[Stored entries]
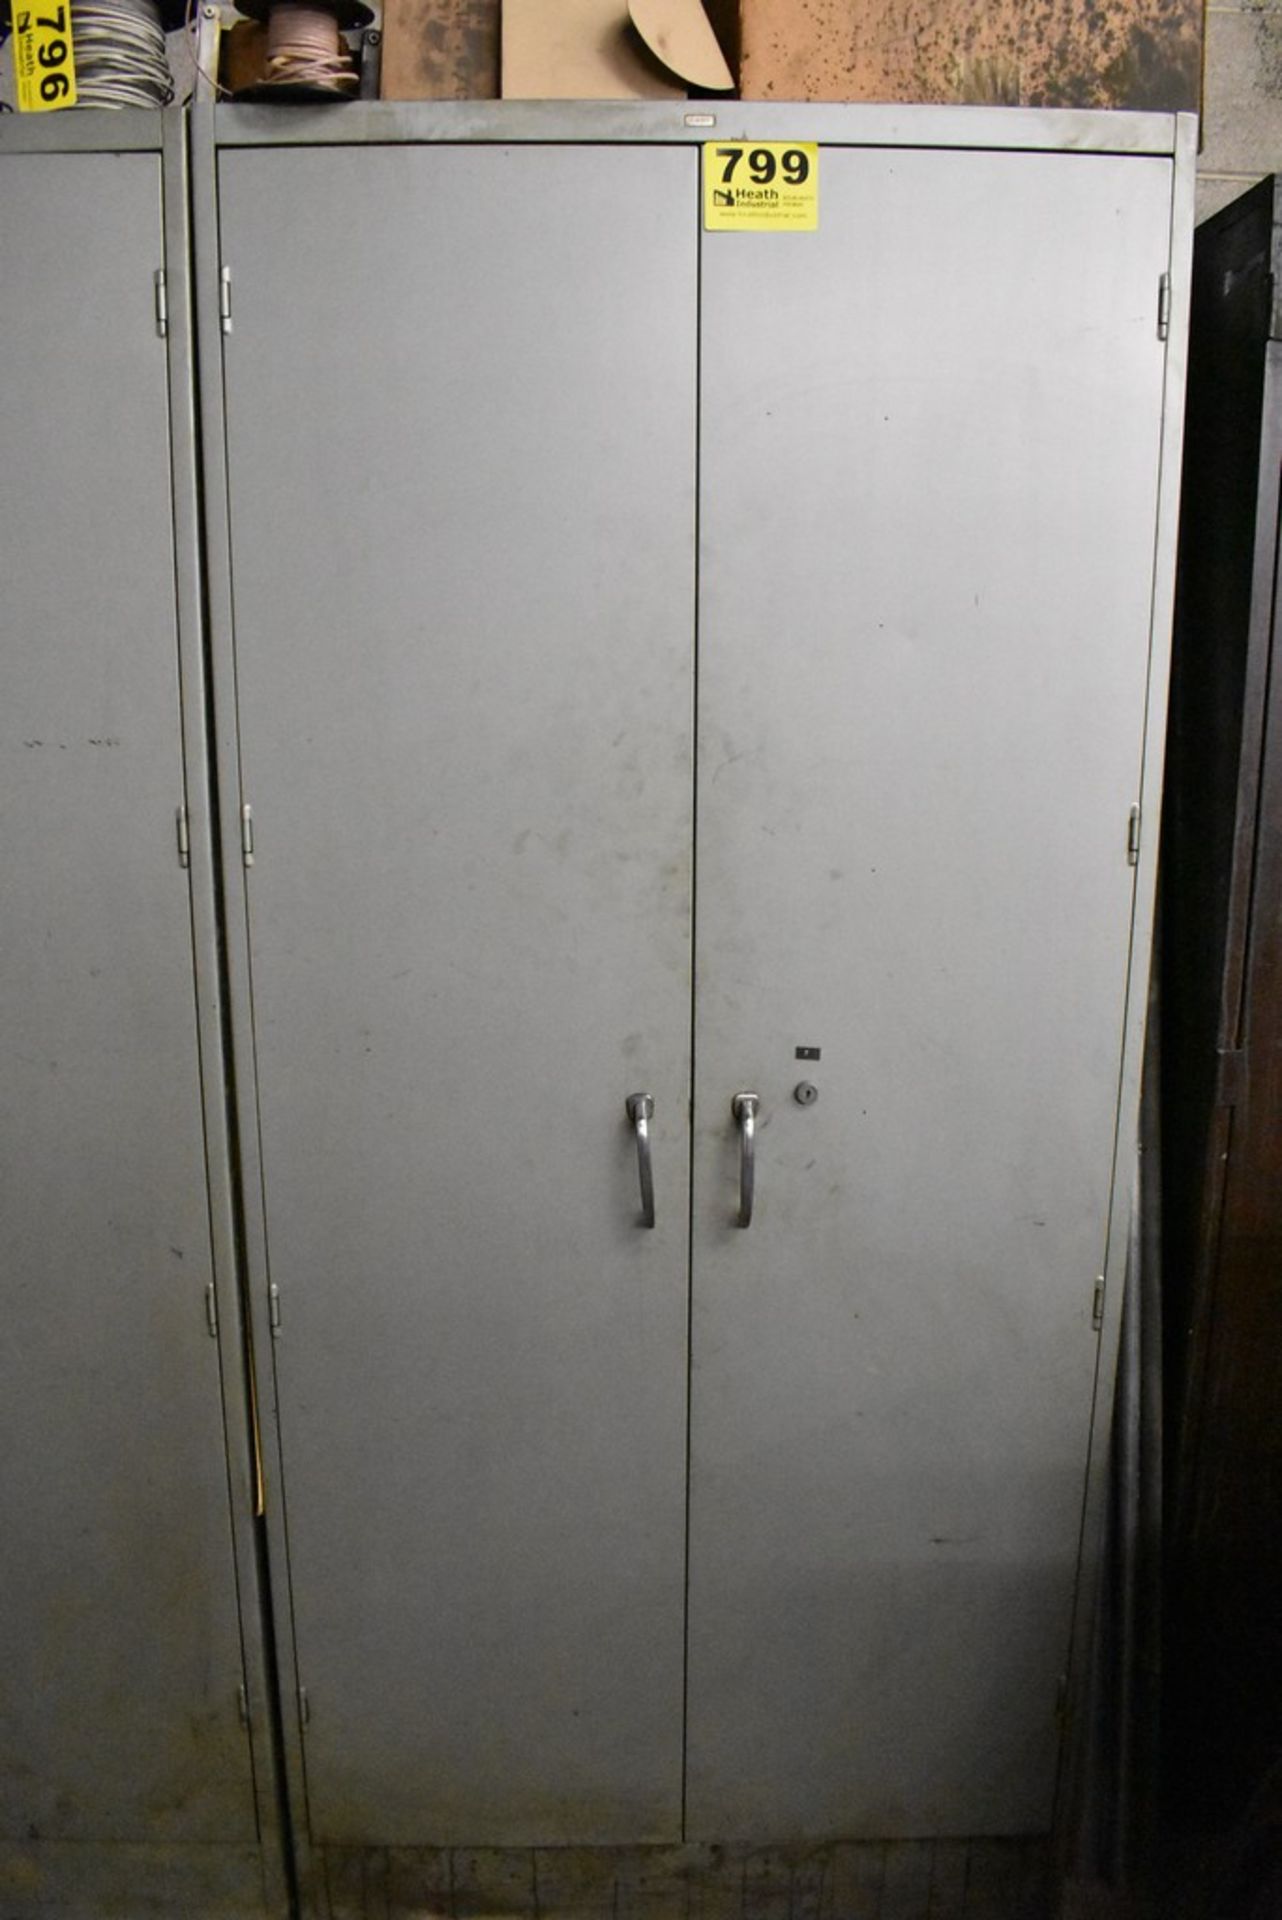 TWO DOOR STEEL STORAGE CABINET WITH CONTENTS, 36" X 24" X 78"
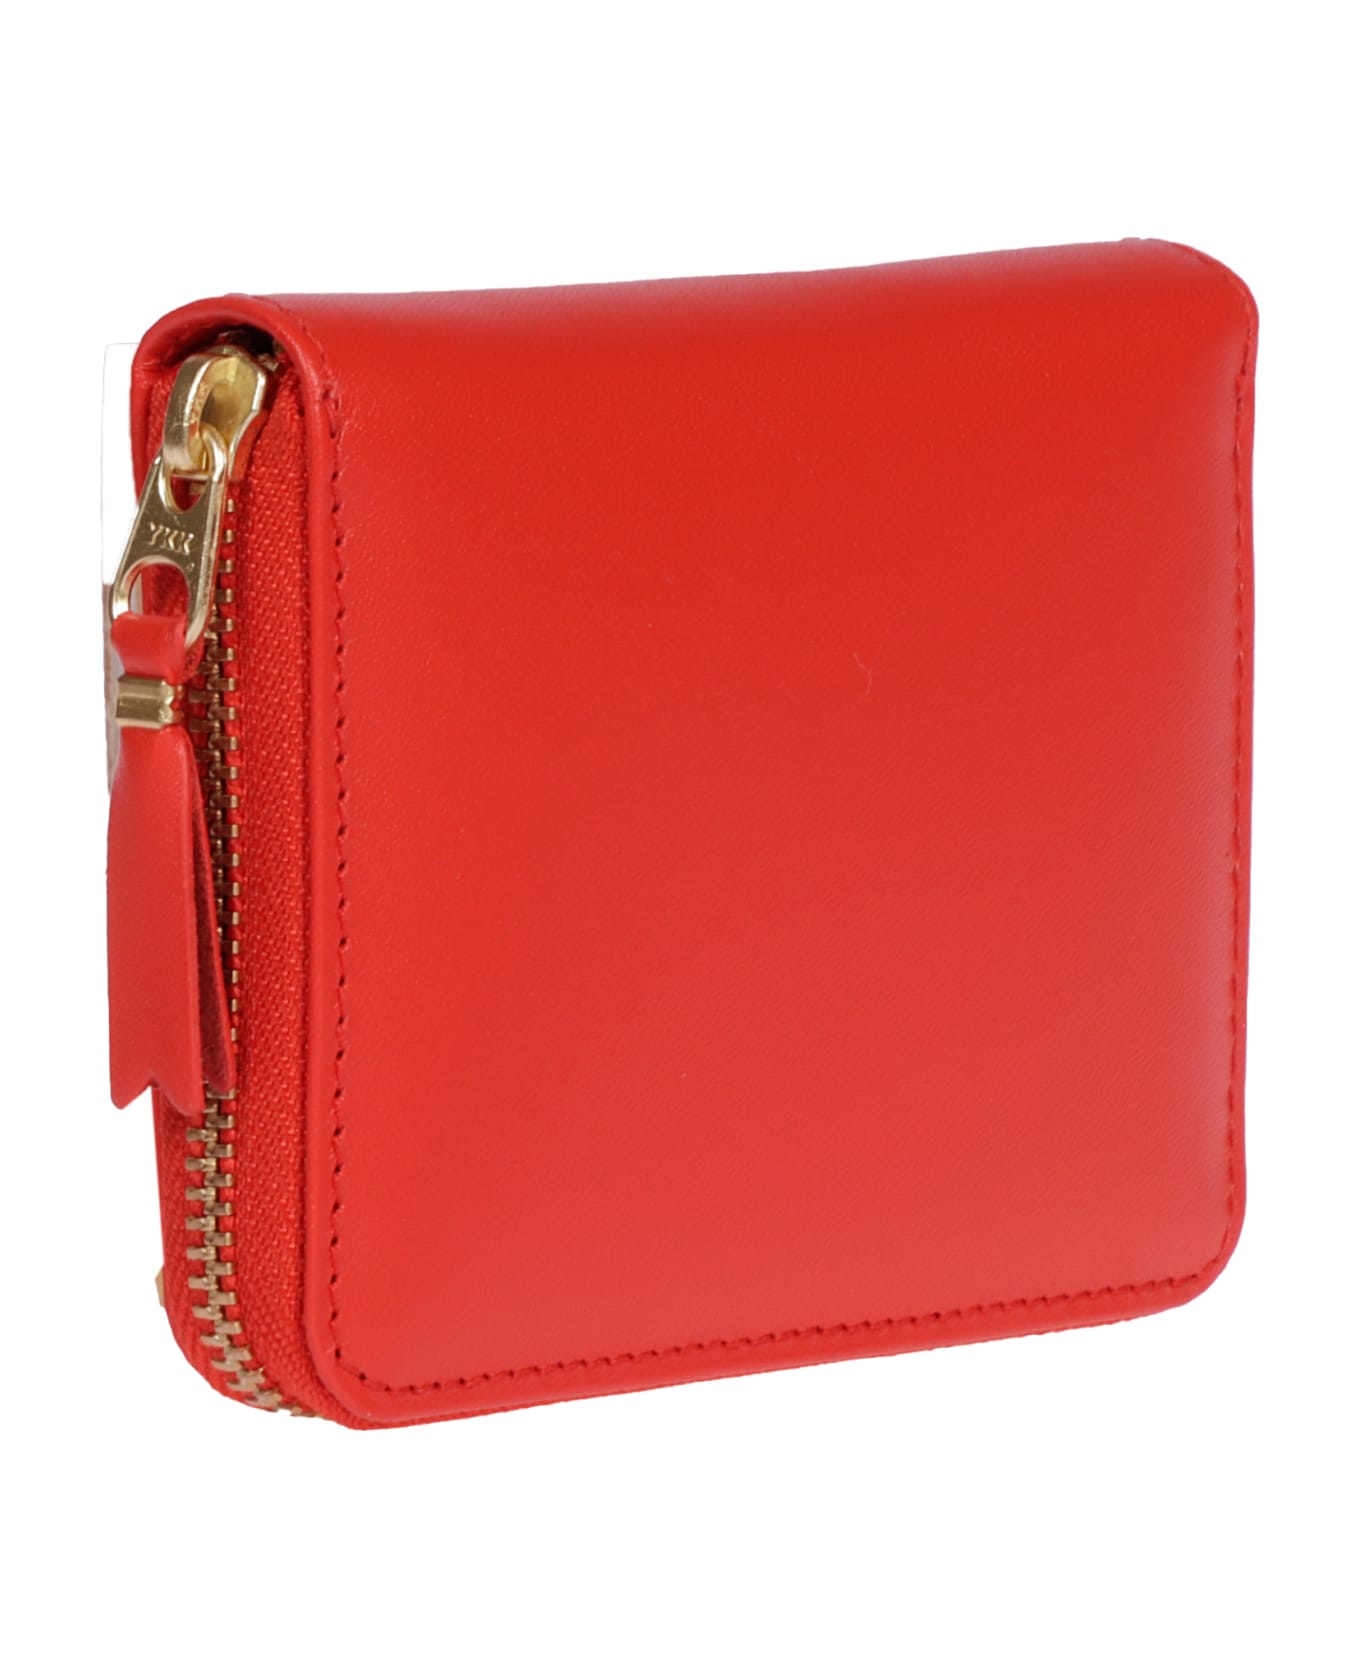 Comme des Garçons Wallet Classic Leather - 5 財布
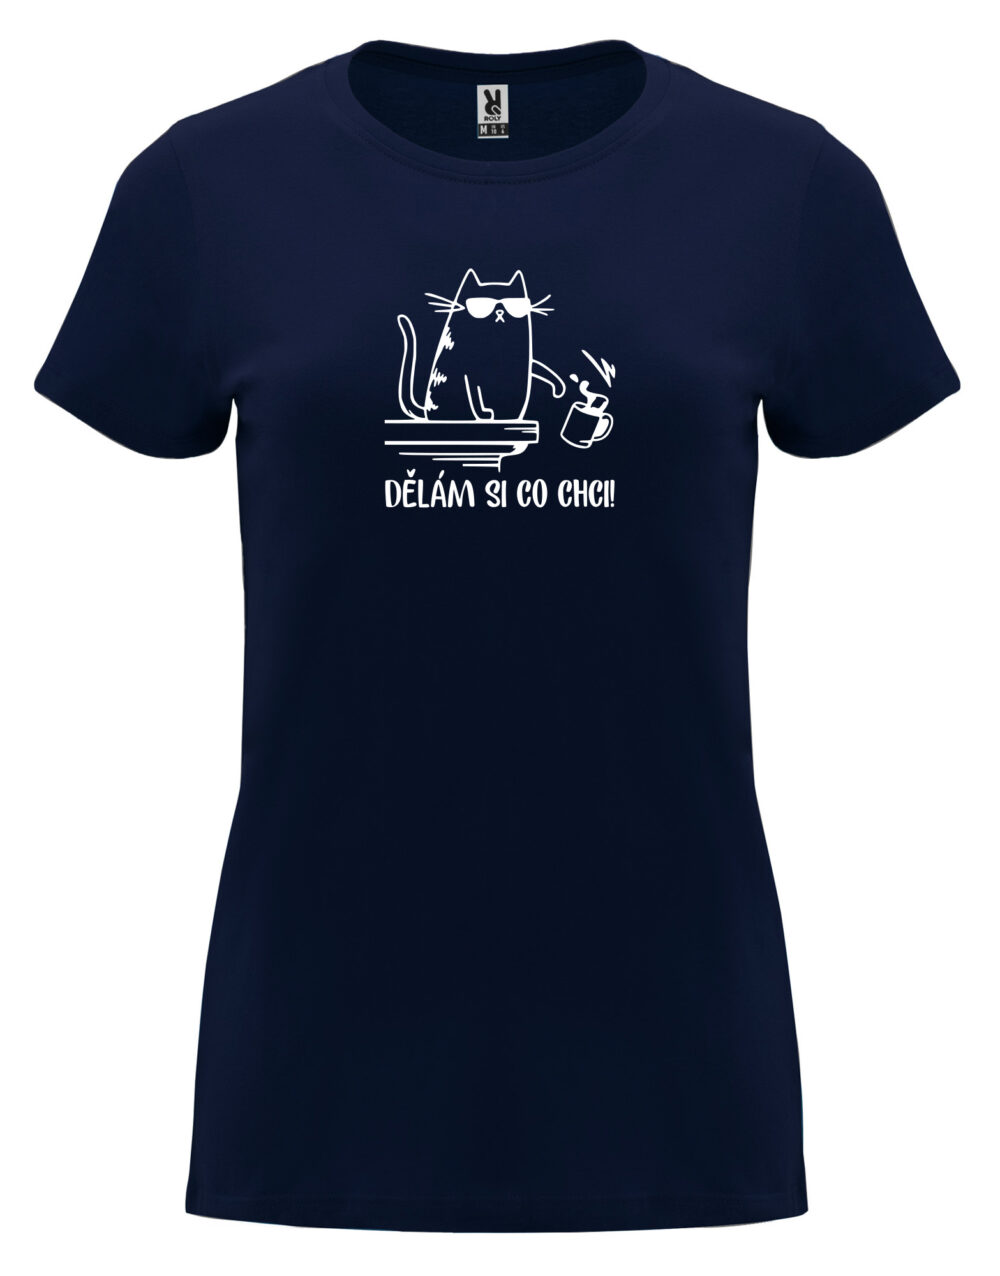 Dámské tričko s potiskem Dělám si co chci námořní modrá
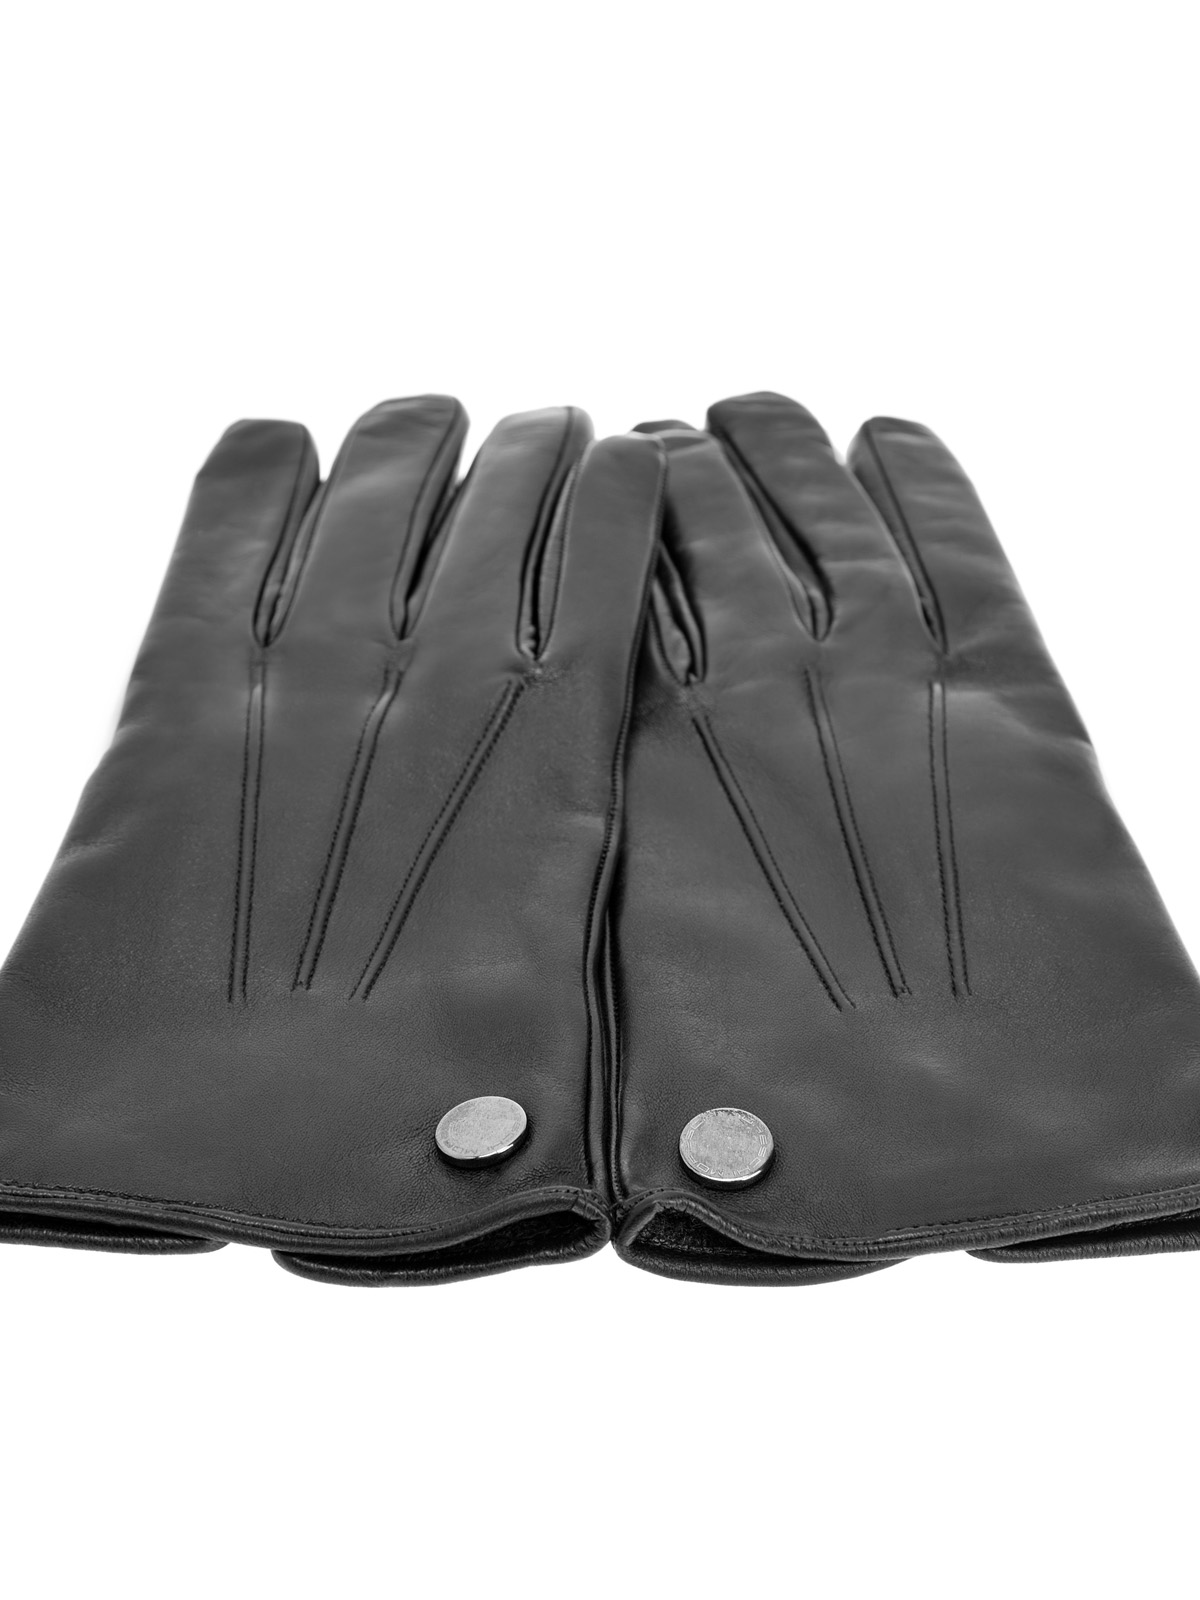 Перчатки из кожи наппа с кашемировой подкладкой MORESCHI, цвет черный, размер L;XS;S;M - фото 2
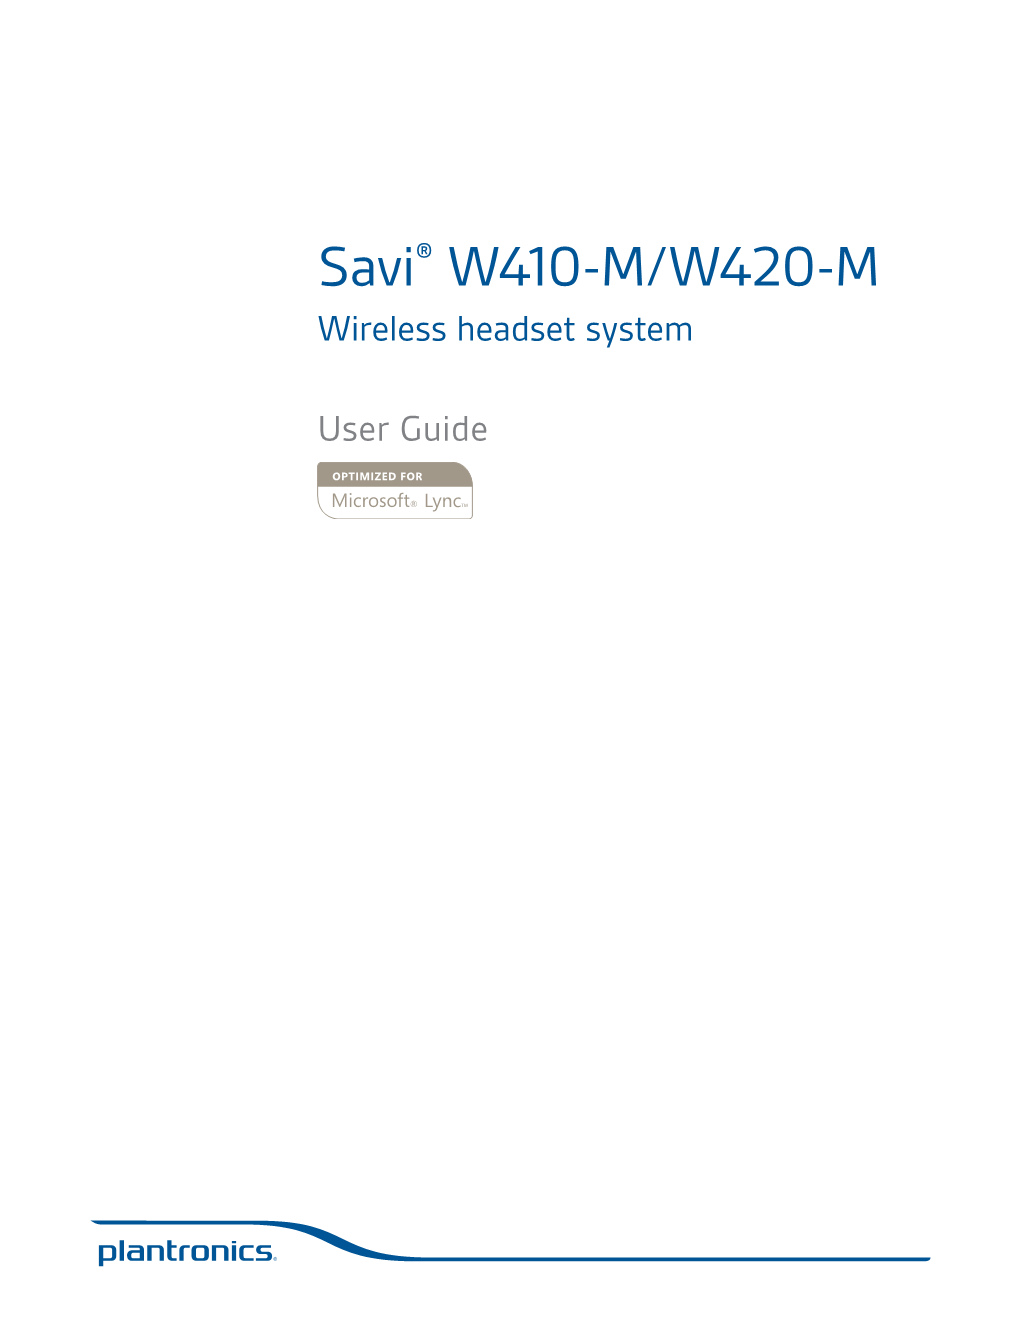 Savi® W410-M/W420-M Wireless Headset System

Activity>
When pictures appear among the entries, skip them and copy all remaining text precisely.

Problem solution>
 TWO DOOR STEEL STORAGE CABINET WITH CONTENTS, 36" X 24" X 78"
 Comme des Garçons Wallet Classic Leather - 5 財布
 Dámské tričko s potiskem Dělám si co chci námořní modrá
 Перчатки из кожи наппа с кашемировой подкладкой MORESCHI, цвет черный, размер L;XS;S;M - фото 2
 Savi® W410-M/W420-M Wireless Headset System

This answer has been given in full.